Sementara itu, Organisasi Kesehatan Dunia (WHO) mengatakan masih belum pasti para ilmuwan bisa membuat vaksin yang efektif melawan covid-19. Direktur Jenderal WHO Tedros Adhanom Ghebreyesus mengatakan, jika vaksin seperti itu menjadi kenyataan, harus menjadi barang publik yang tersedia untuk semua. “Akan sangat sulit untuk mengatakan dengan pasti bahwa kita akan memiliki vaksin,” katanya.

Heboh Kalung Eucalyptus

Selain vaksin Corona merah putih, banyak temuan obat diklaim anti-Corona. Paling heboh adalah produk eucalyptus yang diklaim Kementerian Pertanian (Kementan) sebagai 'antivirus' Corona. Namun temuan itu menuai kritik.  Komisi IV DPR RI, misalnya,  melontarkan kritik pedas proyek yang diklaim Kementan berpotensi 'membunuh' virus Corona tersebut.

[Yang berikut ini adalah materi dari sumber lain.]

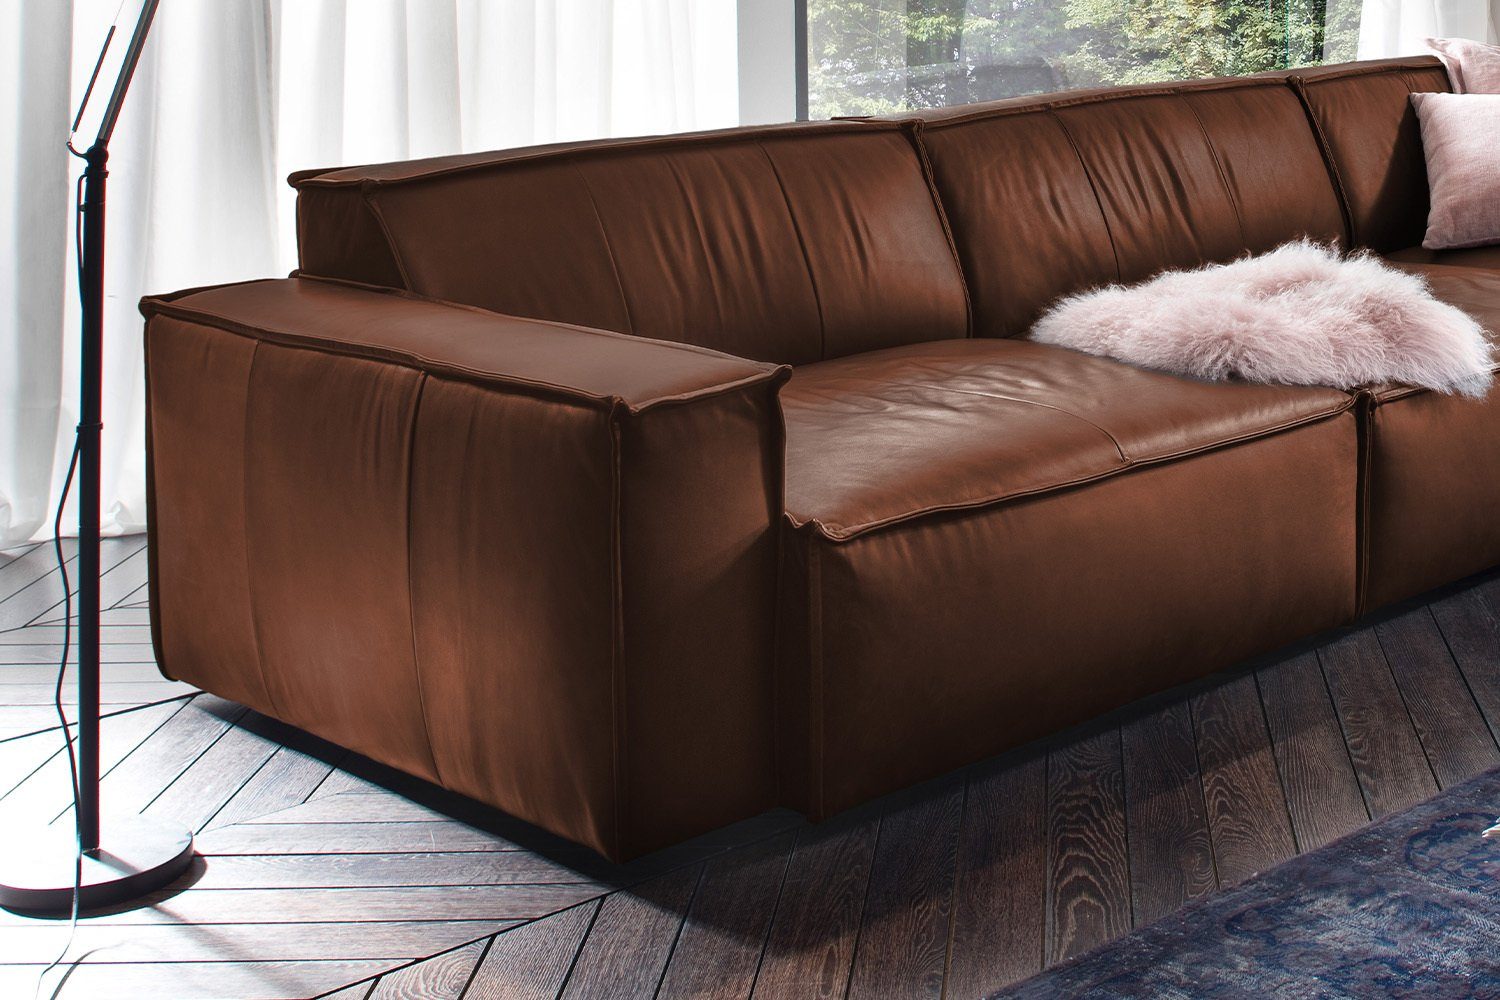 KAWOLA Sofa verschiedene Farben braun SAMU, Leder Riesensofa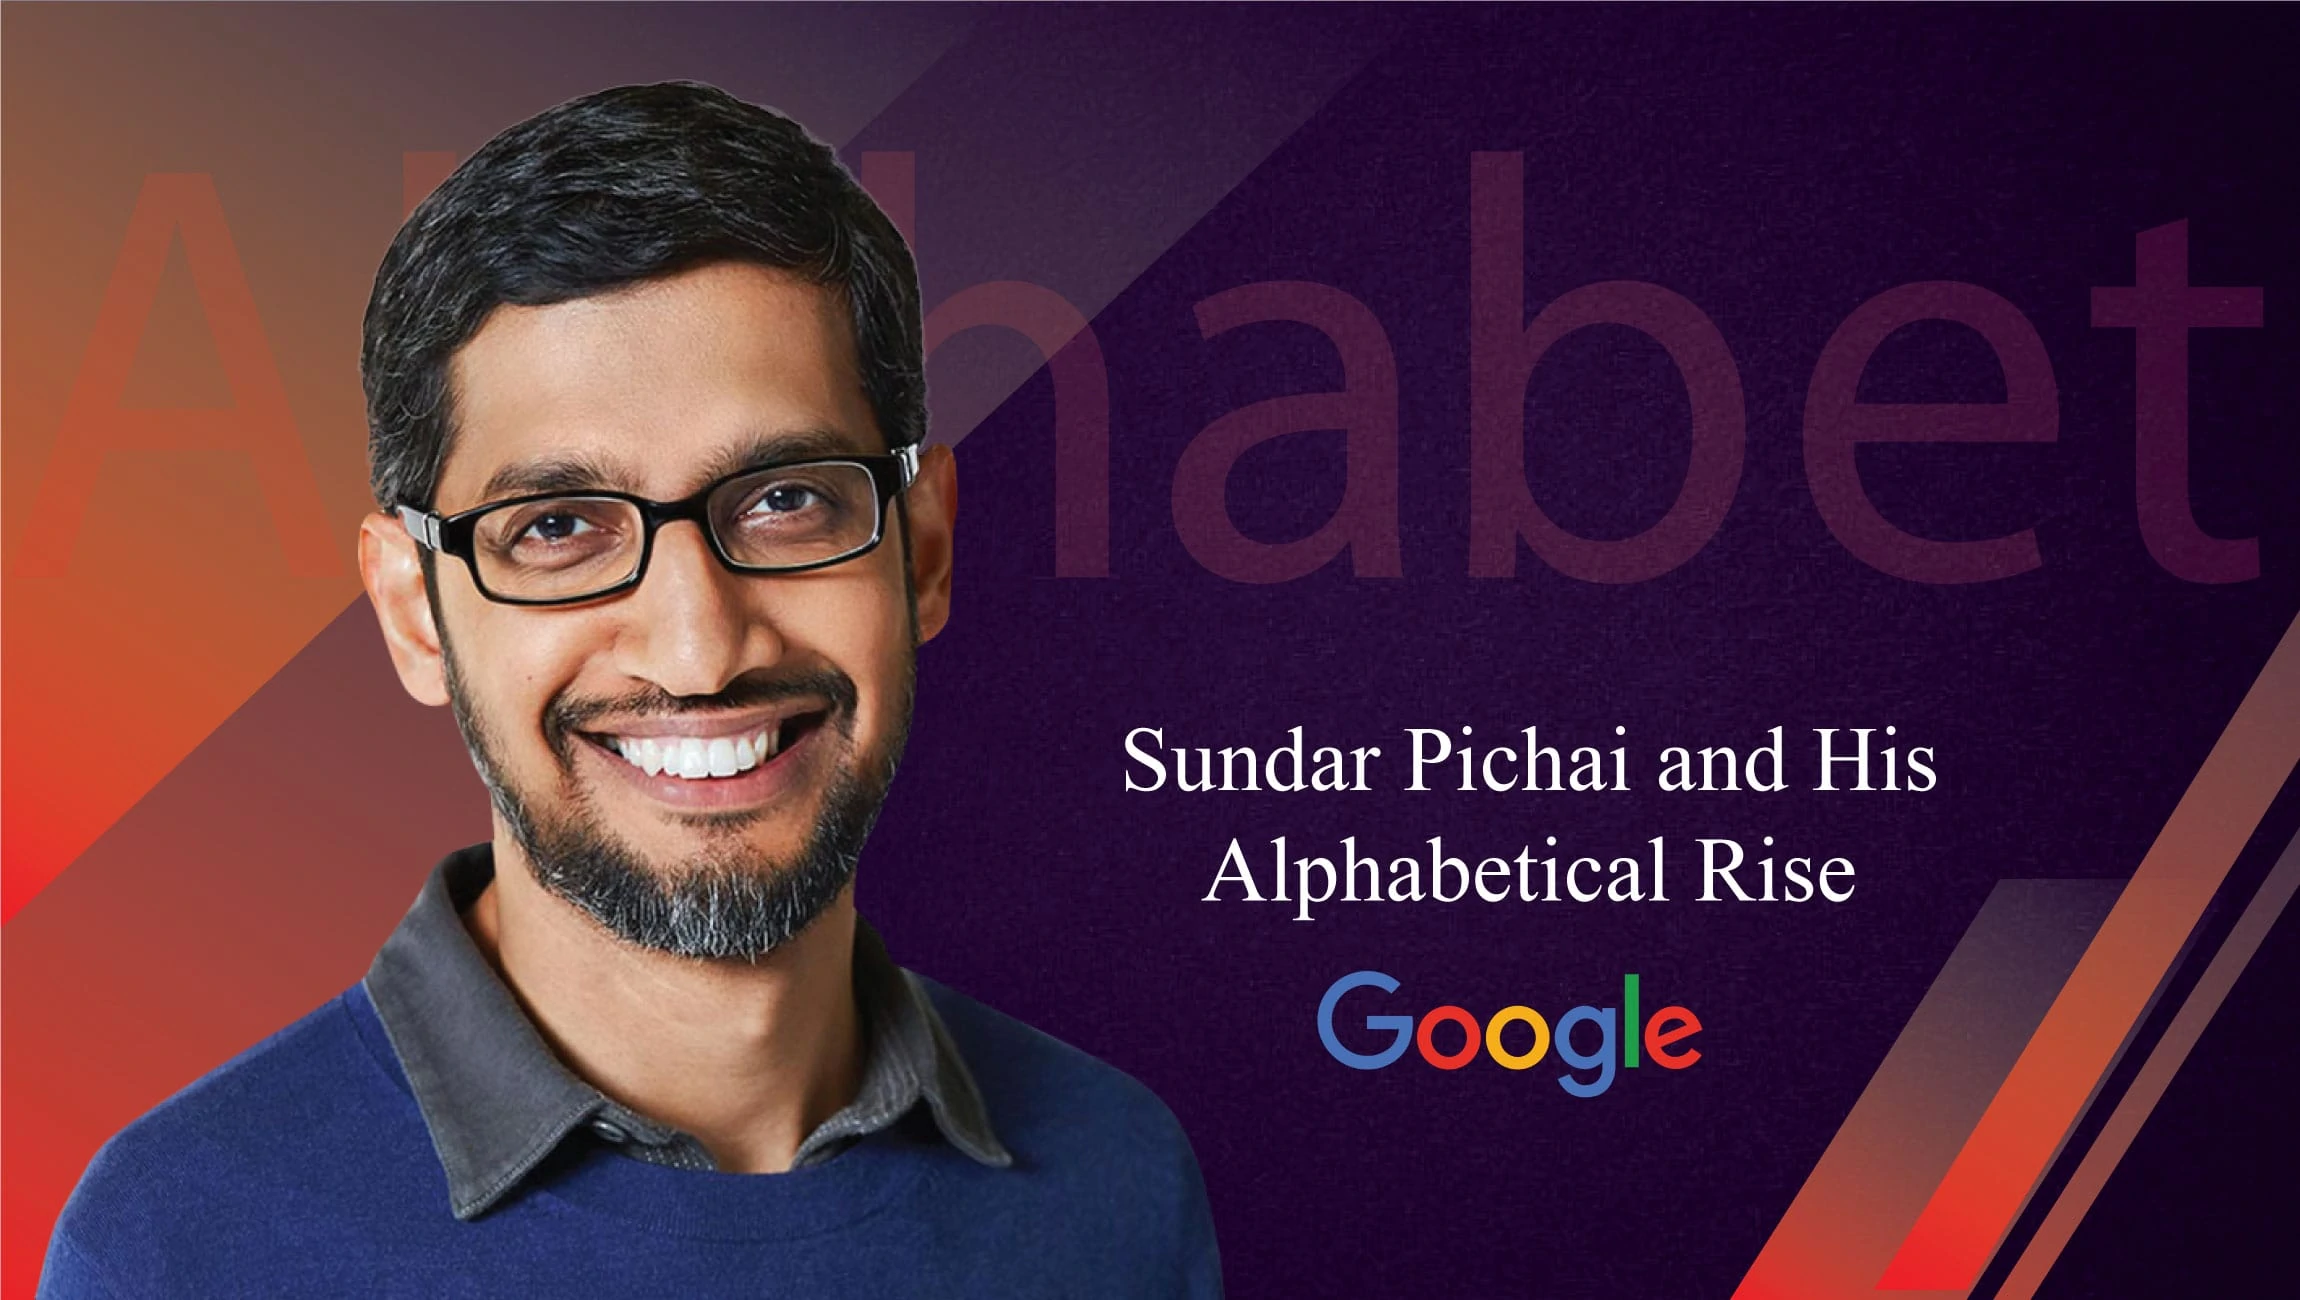 Chi è Sundar Pichai e quanto guadagna il CEO di Alphabet

Selain itu, tugas, pokok, dan fungsi (tupoksi) Kementan pun dipertanyakan dalam mengembangkan produk eucalyptus ini. Kritik itu dilontarkan oleh anggota Komisi IV DPRI Suhardi Duka dari Fraksi Demokrat. Menurutnya, produk-produk yang berkaitan dengan penanganan medis pandemi virus Corona (COVID-19) seharusnya dilakukan oleh Kementerian Kesehatan (Kemenkes).

"Saya kira tidak bagus kalau Kemenkes yang mengungkapkan soal bibit padi baru. Ini sama halnya saya kira kalau obat-obatan harus masuk dalam uji klinis, farmasi dan sebagainya, saya kira adalah tupoksi Kemenkes. Kalau Kemenkes yang mengungkapkan bahwa ini bernilai obat saya kira nilai percayanya sangat tinggi," kata Suhardi dalam rapat kerja Komisi IV dengan Menteri Pertanian Syahrul Yasin Limpo, Jakarta, kemarin.

Dalam kesempatan yang sama, anggota Komisi IV Mindo Sianipar dari Fraksi PDIP mempertanyakan kemampuan produk eucalyptus yang diklaim bisa 'membunuh' virus Corona.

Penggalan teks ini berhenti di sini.